Sunday, 10 June 2012

The Landslip - Bonchurch to Shanklin

And so to the Bonchurch Landslip ... From Ventnor (see previously) we took the flat but rather dull route eastward along the sea wall via a couple of bays - Wheelers Bay and Horseshoe Bay - backed by rubbly cliffs. When you get to Monks Bay and the shoreline settlement called Bonchurch Shore, things start getting interesting.

The location was very popular with artists, as testified by this blue plaque to various watercolourists that were mostly unknown to me: Clarkson Stanfield, Edward W Cooke, Thomas M Richardson, Thomas CL Rowbotham, Myles B Foster, and Ernest A Waterlow.

At Bonchurch Shore, it's a very short detour inland up the Bonchurch Old Church (see previously) and to the new church, where Swinburne is buried. From there you can pick up the coastal path again, and after passing a playing field with the very ominous sign about there being a deep crack in the ground behind the goal, you ascend into the Landslip proper, which occupies a blunt promontory historically called East End.

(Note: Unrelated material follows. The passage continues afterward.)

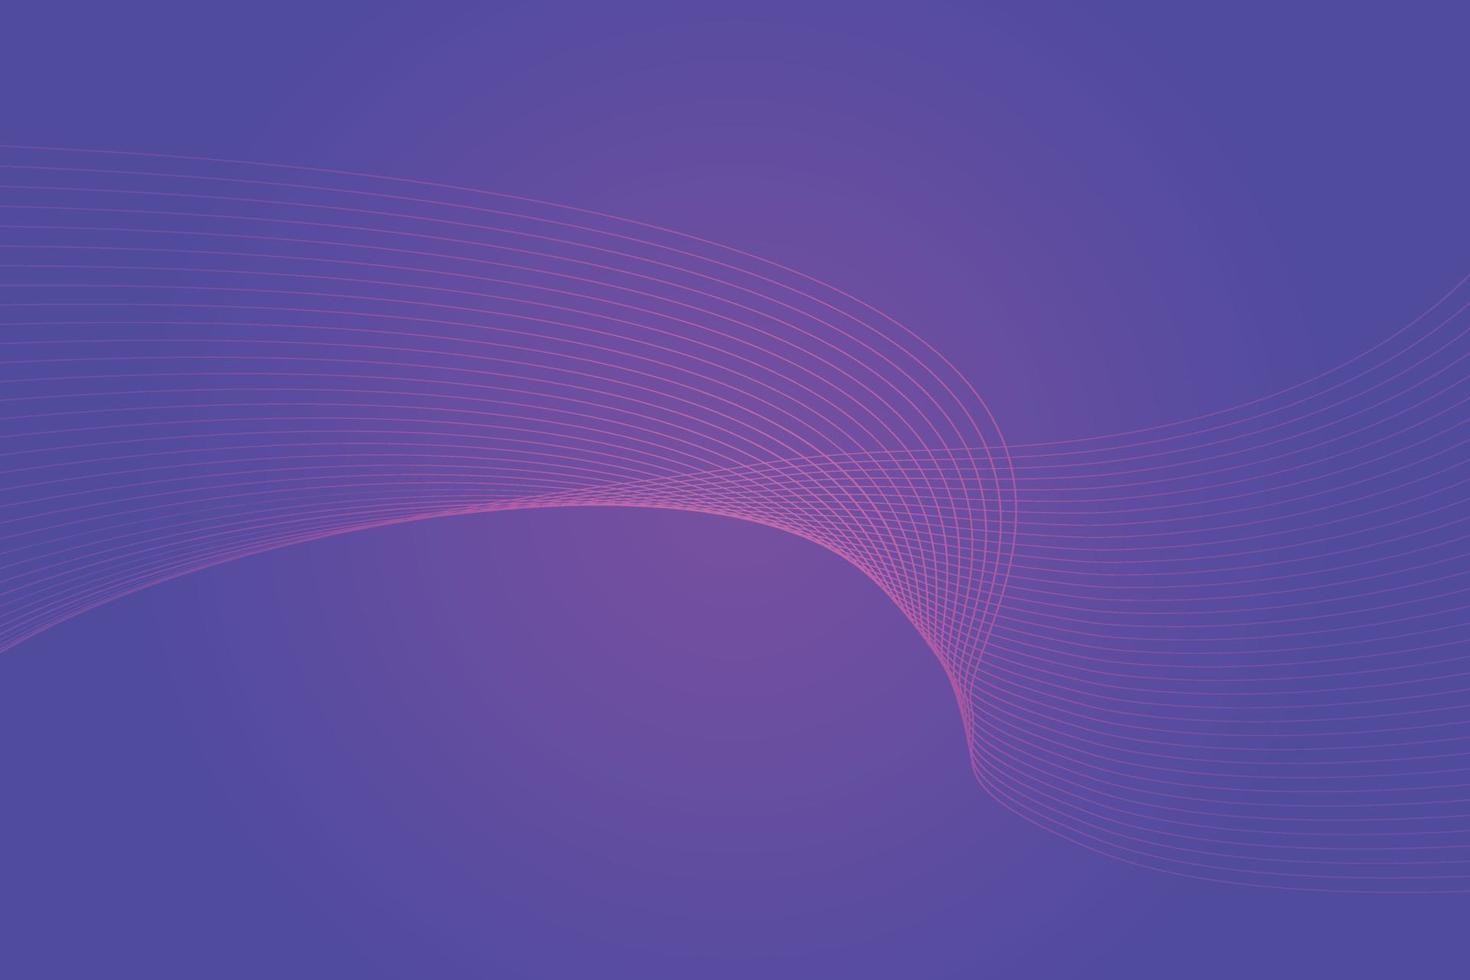 fondo abstracto con líneas onduladas de colores. diseño de fondo degradado púrpura abstracto vector

Visitors have been enthusing about the East End Landslip for around two centuries. It's an odd thought, in this era of easy travel and Google Maps, that a spectacular landslip took place in 1817 or 1818 (accounts differ), and its scenic aftermath remained little-known for many years. John Albin's 1823 A companion to the Isle of Wight has a good contemporary account of the scene only a few years after (see page 80), and it begins:
To those who have time and inclination, we would recommend the examination of an highly interesting scene in the neighbourhood of Bonchurch, hitherto almost unknown to strangers; and indeed, from the remoteness and privacy of its situation, nearly so to the greater part of the inhabitants of the Island.
And this was what those with time and inclination got to see:

East End landslip, mid 19th century print - uncredited image from The Life Project
A few decades after the slip, when it had acquired a patina of vegetation, it must have been an amazing sight. At the time, when there was still the 18th century classification of landscape on a scale between "beautiful" via "picturesque" to "sublime"(awesome but scary) it was regularly described as "sublime".

East End Landslip, from WB Cook's 1849
Bonchurch, Shanklin & the Undercliff, and their vicinities
Descending the sloping grounds of Luccombe by a beaten track, we pass the gate of Luccombe Chine Cottage, and through an enclosed field, we enter the wood at East End, which leads immediately to the Landslip. Its devious path, winding through the thicket of small branching trees and brushwood, where —

"Huge fragments jutting forth, display
Their crowns of evergreen."

One of these fallen rocks, in the midst of the wood, is aptly converted into a seat for the accommodation of pedestrians, and here silence and solitude seem to fix their reign. Proceeding a little further, the scene suddenly opens, and the stranger is at once struck with the stupendous devastation spread around. A portion of the mighty rocks that have slipped from their bases appears leaning in towering grandeur, against the parent cliffs that still maintain their station, above the chaos below them, resembling an extended line of fortification, from whose yawning clefts protrude large trees, whilst among the detached heaps, huge roots of holly, ivy, and other evergreens are entangled and interspersed, presenting a fine contrast to the gray and hoary tinge of the vast rocky fragments with which the scene abounds. Wild flowers of various hues have sprung up amidst the verdure, peering in their native beauty amongst the ferns of this romantic tract.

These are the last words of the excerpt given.